If risk evaluation concludes that the level of risk requires mitigation, protective measures shall be implemented in the following order:

• Eliminate the hazard, where possible, by changing the design;
• If the hazard cannot be eliminated further measures shall be taken to reduce the risk;
• Eliminate or minimize the probability of defeat or circumvention of protective measures, such as guards, safety devices, etc.;
• If the hazard cannot be mitigated by above mentioned steps, inform users and authorized personnel of residual risks by one or more protective measures:

    - Information;

    - Training;

    - Warning signs;

    - Use of personnel protection equipment, etc.

Safety Parameters (SPs)

The Safety Parameters are a way of filling in and awareness of de GESRs. It can be useful during Risk Assessment, evaluating risks, and determine that a risk has been sufficiently mitigated.

Other important issues related to product certification with Liftinstituut

As an applicant try to involve Liftinstituut in the early stage of the project because that will help the estimated project schedule being successful. If you start to involve us at the end of the project you will maybe confronted with undesirable surprises and unexpected delays.

After successfully finishing the product certification Liftinstituut will issue a Certificate of Conformance with a term of three years. Within these three years we will perform a surveillance check required by Guide 65 to see if the product still meets the requirements as certified.

If the applicant changes or modifies the design of the certified product and it has its influences in safety than the applicant has to inform the Liftinstituut.
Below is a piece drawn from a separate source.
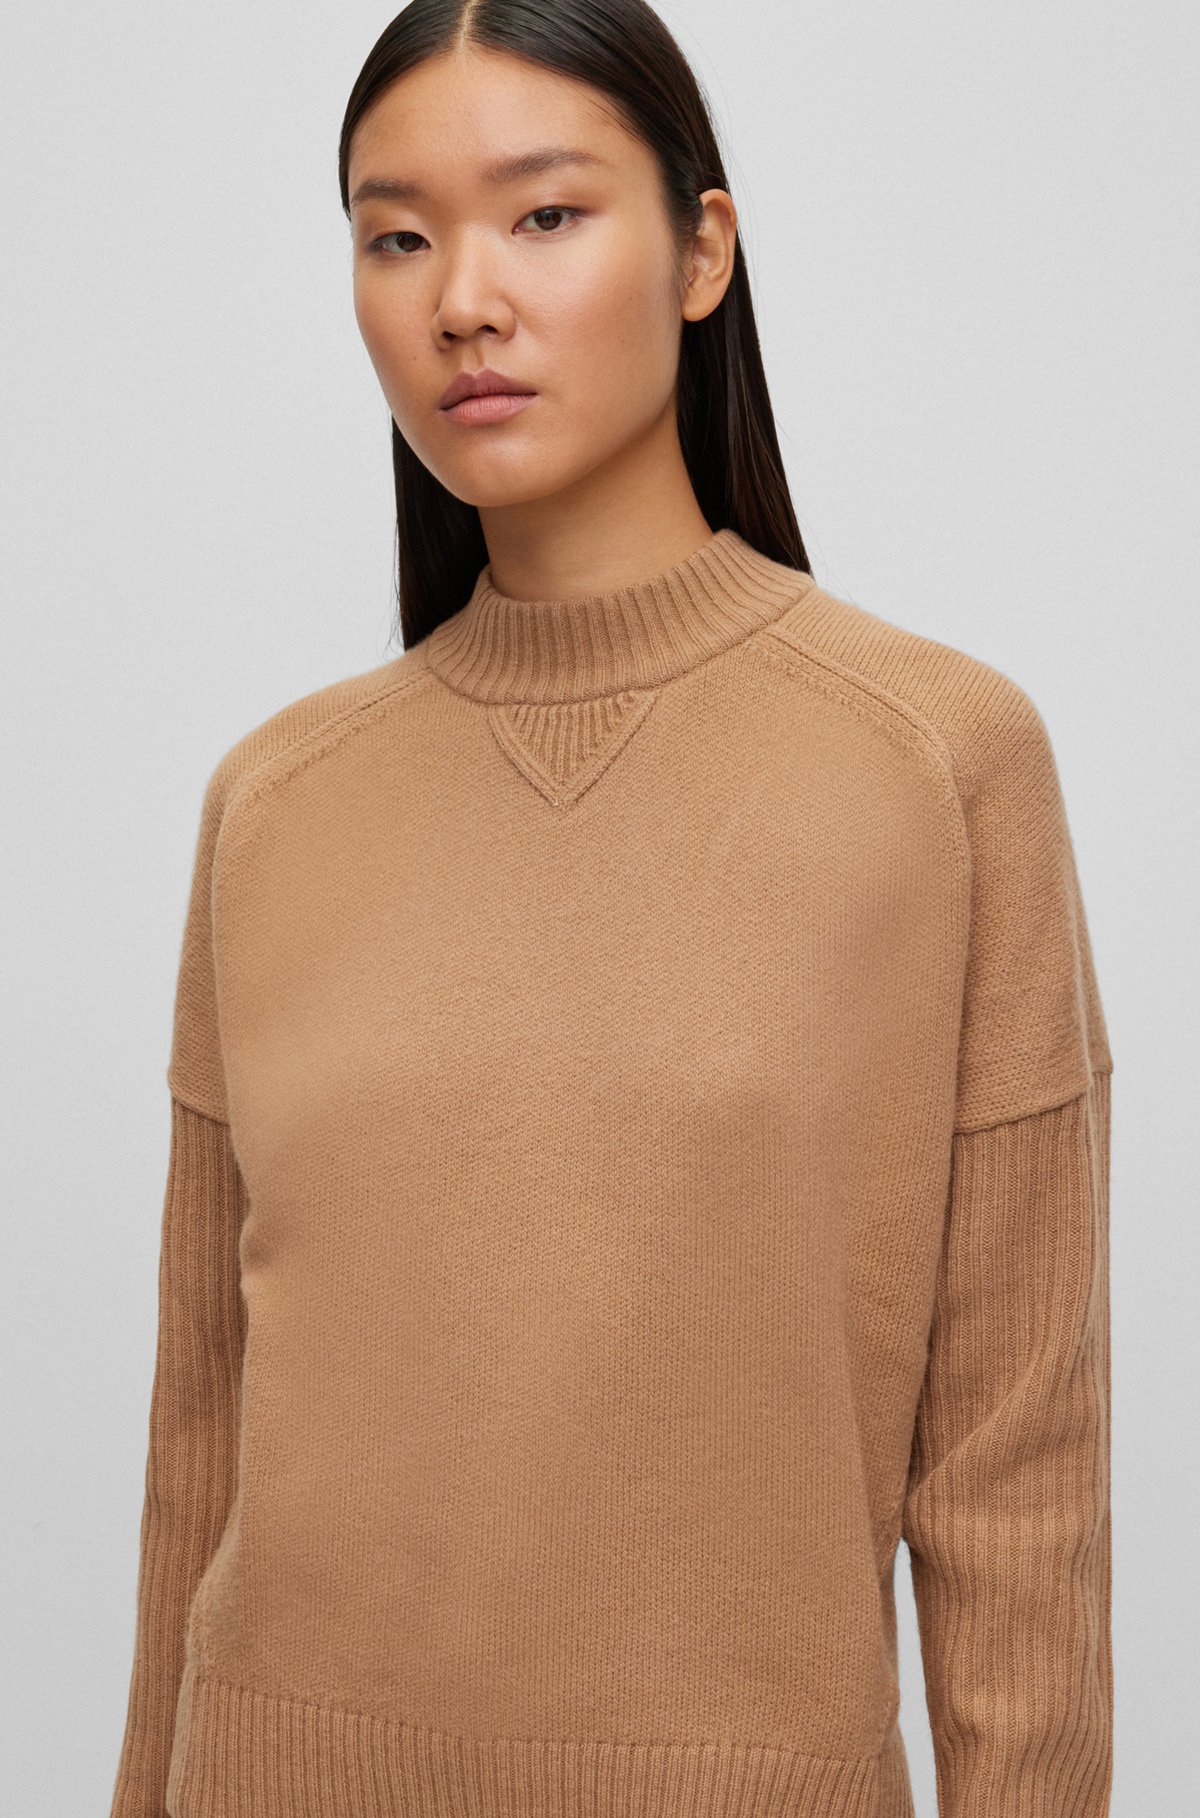 BOSS - Virgin-wool sweater

The Liftinstituut will examine the modifications and inform the applicant whether the Certificate of Conformance remains valid. Otherwise the Liftinstituut will revise the Certificate of Conformance and its belonging report if the product still meets the requirements of the A17.7/B44.7. 

For support in setting up a Risk Assessment we can arrange a general course based on our, long term experience and knowledge in this elevator and escalator field. Of course the applicant has to set up his own Risk Assessment Team without Liftinstituut interference for preparing product certification CCD.